“……”纳瑟抚着太阳穴,突然抬头看着龙延。
龙延被他盯了半天,又不见他说话,有些不自在的问:“怎么了?有什么话就说啊,我们之间还有什么难以启齿的吗?”
纳瑟深深地触眉,脸色平静了些才道:“我昏迷前,好像看到他了。”
“谁?”
“燃。”
“他不是一直都在吗?”
“不是,我是说我的那个燃,我看见深红色的牡丹了。”纳瑟紧紧地盯着龙延的表情,让龙延避无可避,哪怕是瞬间的惊慌失摸也逃不过纳瑟的眼睛,“你果然知道,对不对?他当时就在那里,是吗?”
“我……”
要怎么说呢?
告诉他真相吗?
可……要纳瑟如何面对呢?
龙延为难的欲言又止。
纳瑟从他的表情里读出了很多情绪,怎么可能就这么放过他,他知道答案已经呼之欲出了,于是坐直身子,严肃地看着自己的好友,第一次以命令的口气说道:“龙延,不许瞒我。”
“他……”
“他确实在那里。
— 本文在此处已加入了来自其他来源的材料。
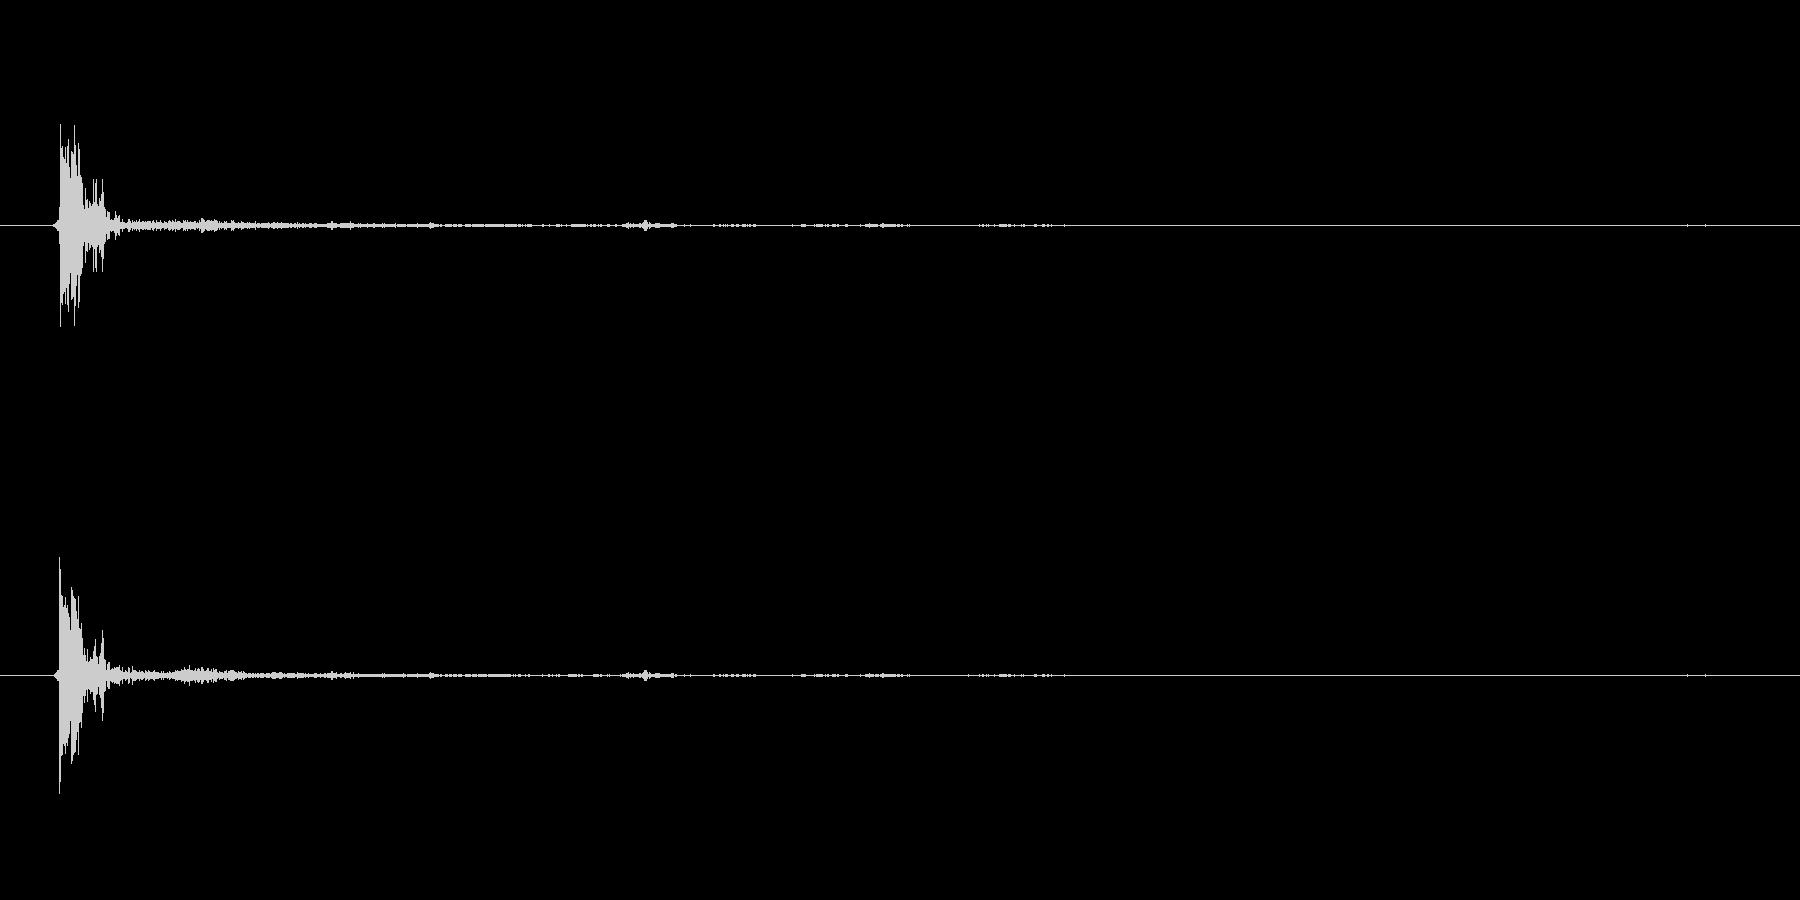 ライフル AK 47 エクステリア...の未再生の波形
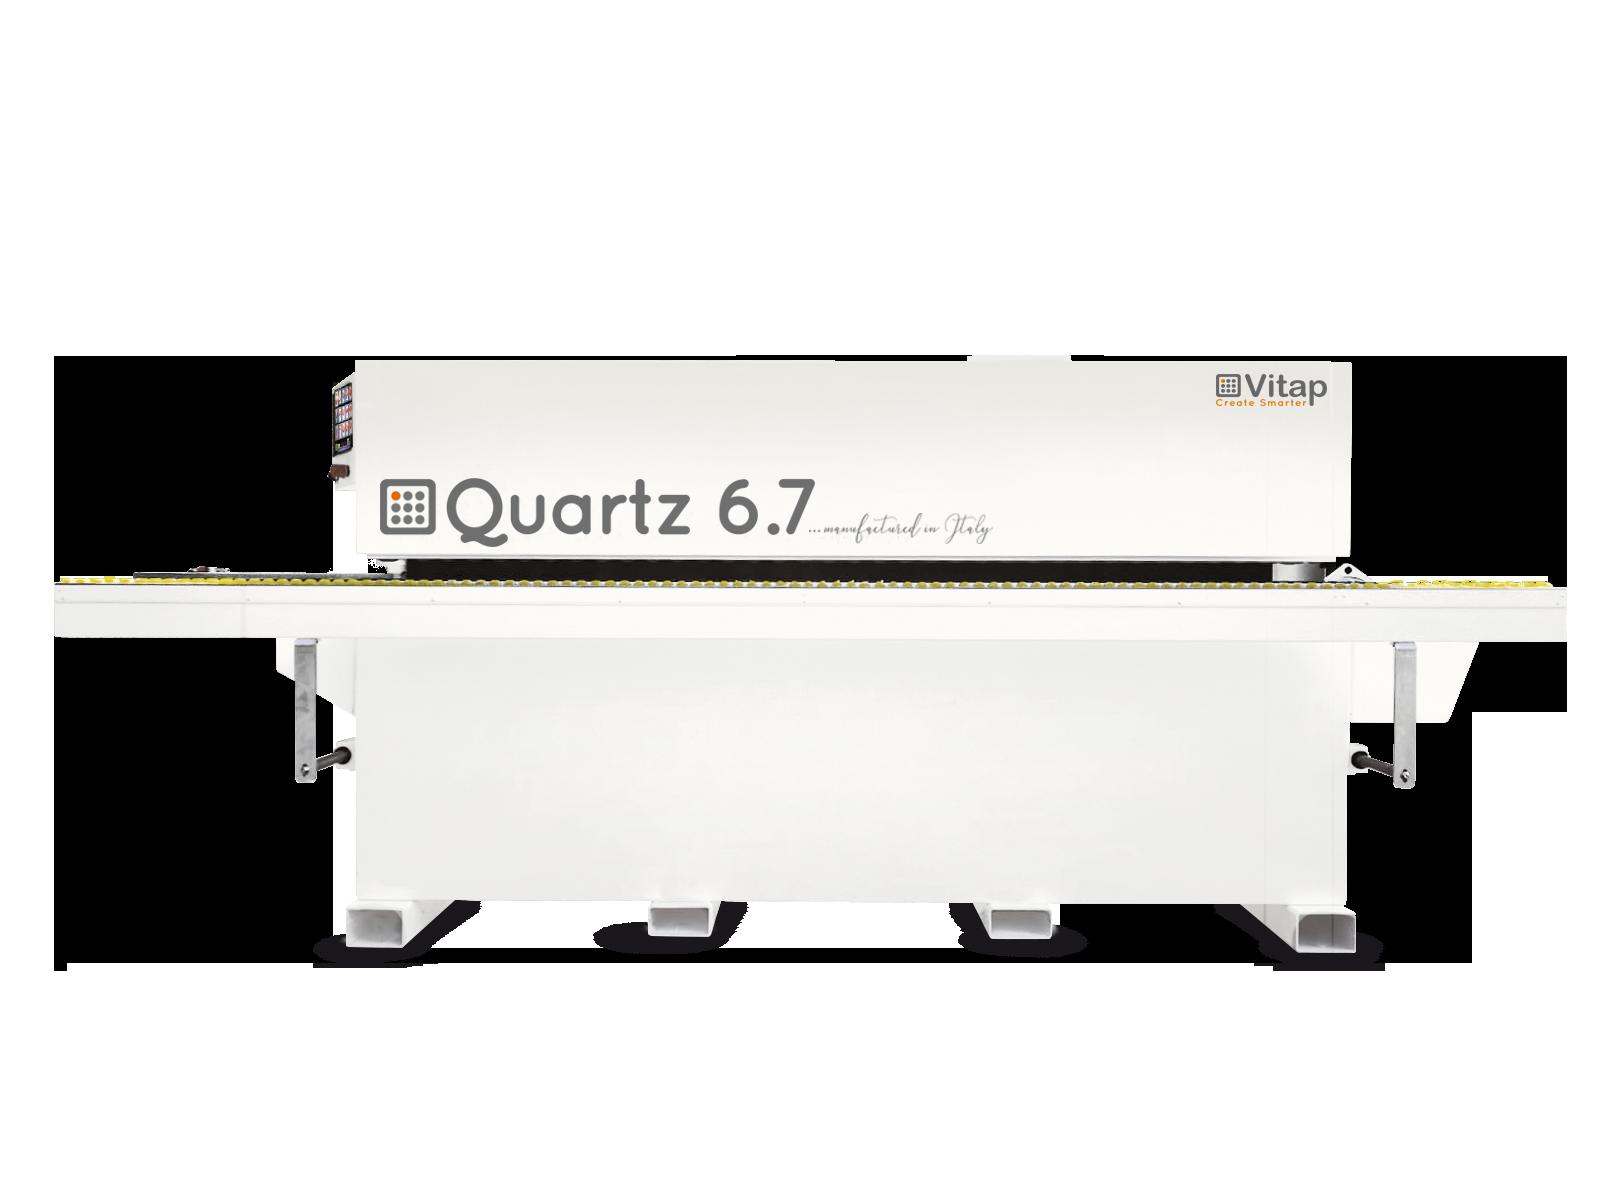 Vitap - Quartz 6.7

”
这个声音深厚平稳且有力,与它的主人一般,沉稳冷静没有一丝迟疑。
纳瑟疑惑地看向推门而入的男人,目光却很快被其身后的人吸引,就连龙延也露出不可思议的表情,身体不由自主地站了起来。
“他……他是……”
龙延惊讶地指着楚满身后的青年,他虽然没见过纳瑟记忆中的燃,可隐约能看出个大概,他简直不敢相信自己的眼睛,下意识在回头去看纳瑟的表情,果然对方也和自己一样满的不敢致信,他皱起眉头向楚满投去不认同的眼神。
这个楚满难不成真想就这么蒙混过去?
之前他说的他有办法就是指这个?
现在龙延有种想马上离开的冲动,他实在不太愿意看到楚满被纳瑟揭穿时挫败的模样,毕竟这个高傲又自信的男人从没失败过。
然而……
“燃?”
龙延几乎是反射性地向纳瑟投去不可思议的目光。
不是吧?他信了?
这时楚满和那位长的很像燃的青年慢慢走过来,纳瑟已经很激动的从床上下来,满脸激动,这一幕看的龙延顿时觉得自己都快不认识这两个好友了。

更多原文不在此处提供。